> **ACTIVITY**
Below is a listing. Return the lines from the one that contains "(Mary Hopkin) Multi-Fold" to the one that contains "MARIO VARGAS LLOSA", both ends included, verbatim and with no pictures.

> **DATA RECORDS**
******************************

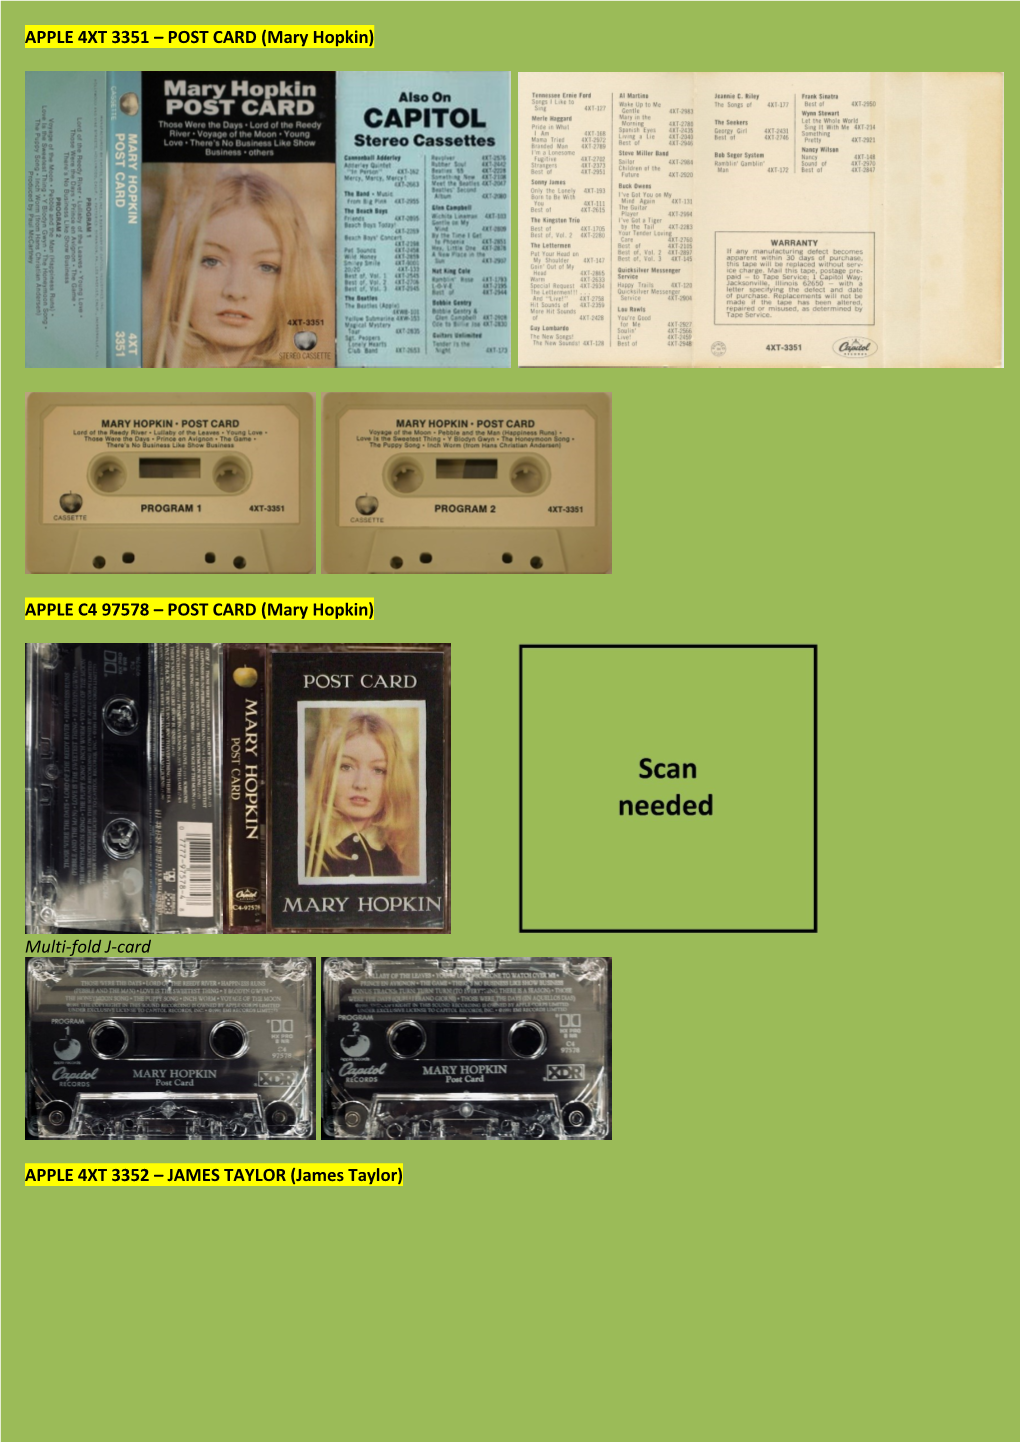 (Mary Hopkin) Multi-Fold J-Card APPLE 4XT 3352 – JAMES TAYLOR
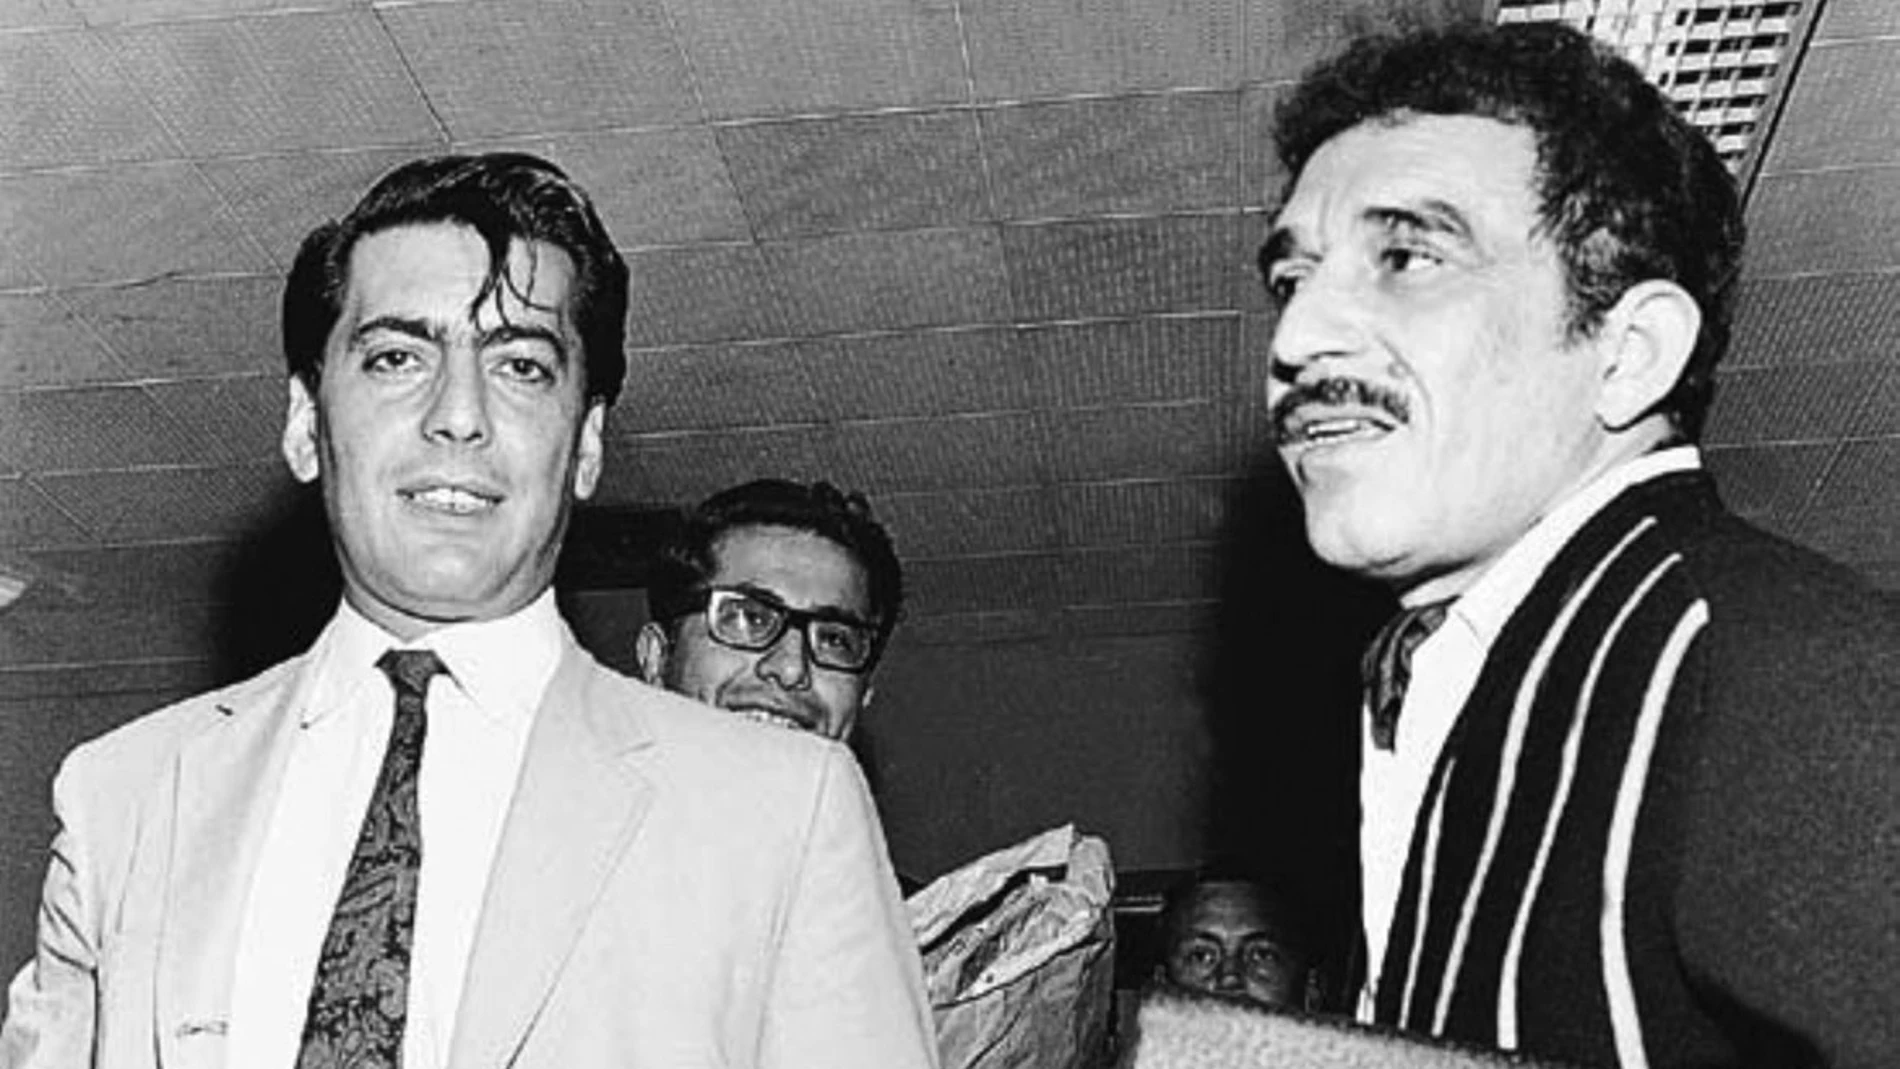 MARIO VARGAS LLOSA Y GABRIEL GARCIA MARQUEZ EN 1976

******************************

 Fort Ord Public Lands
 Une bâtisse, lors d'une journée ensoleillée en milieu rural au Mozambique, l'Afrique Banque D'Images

******************************

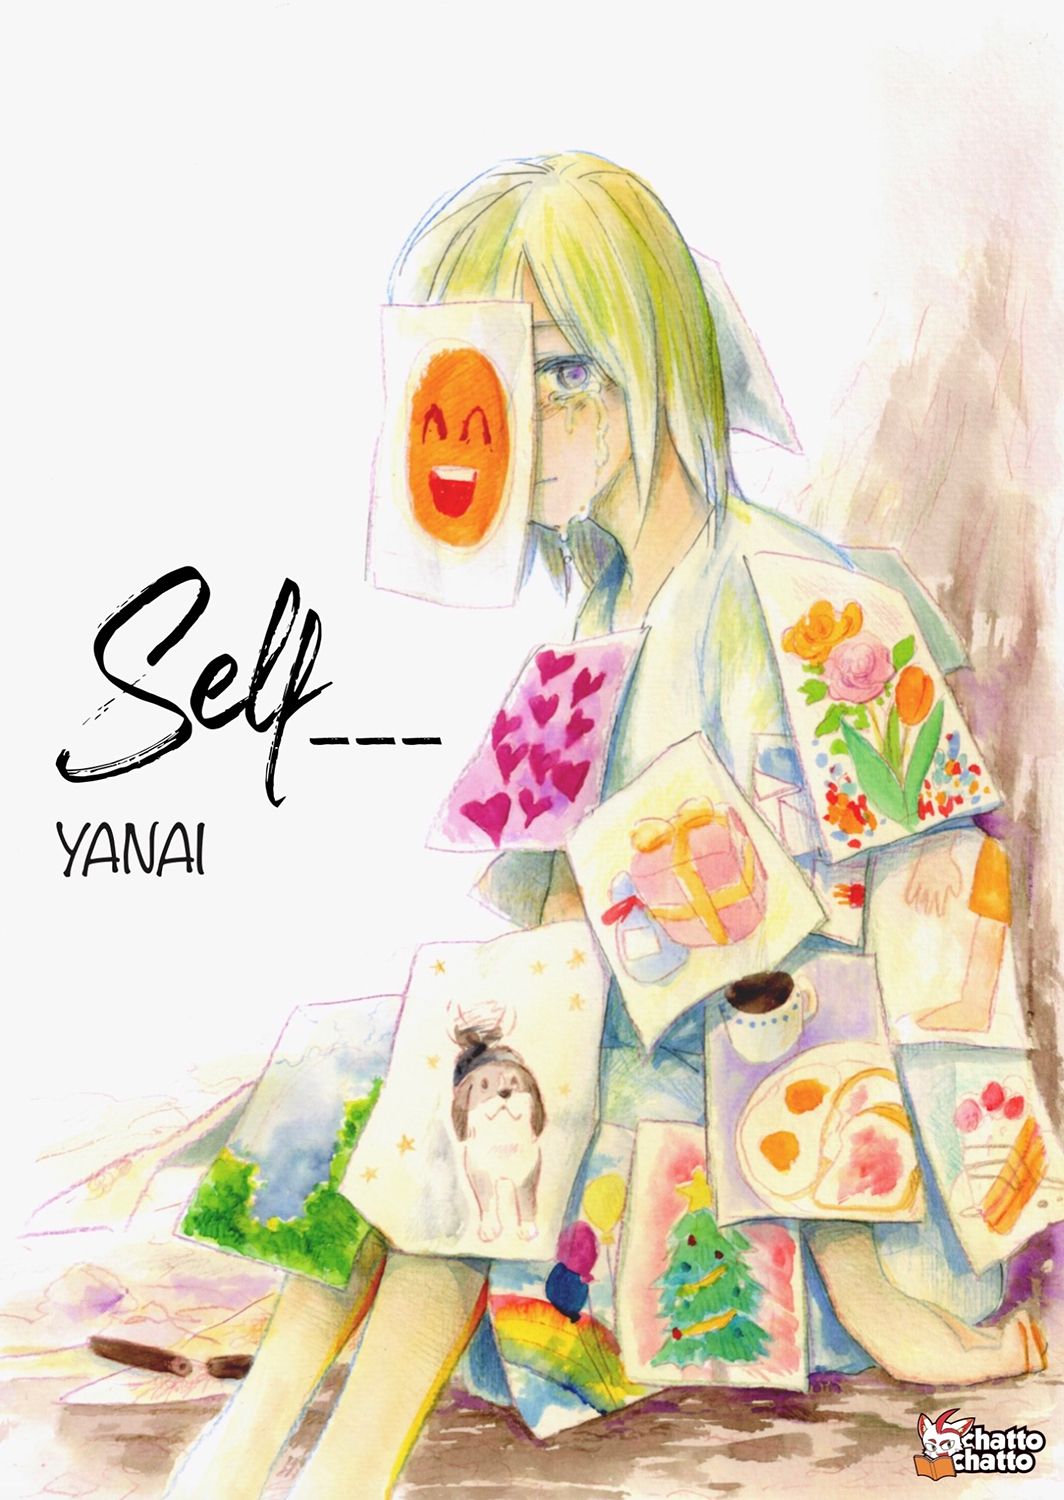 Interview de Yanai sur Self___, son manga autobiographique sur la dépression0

******************************

> **FINAL ANSWER**
 (Mary Hopkin) Multi-Fold J-Card APPLE 4XT 3352 – JAMES TAYLOR
 MARIO VARGAS LLOSA Y GABRIEL GARCIA MARQUEZ EN 1976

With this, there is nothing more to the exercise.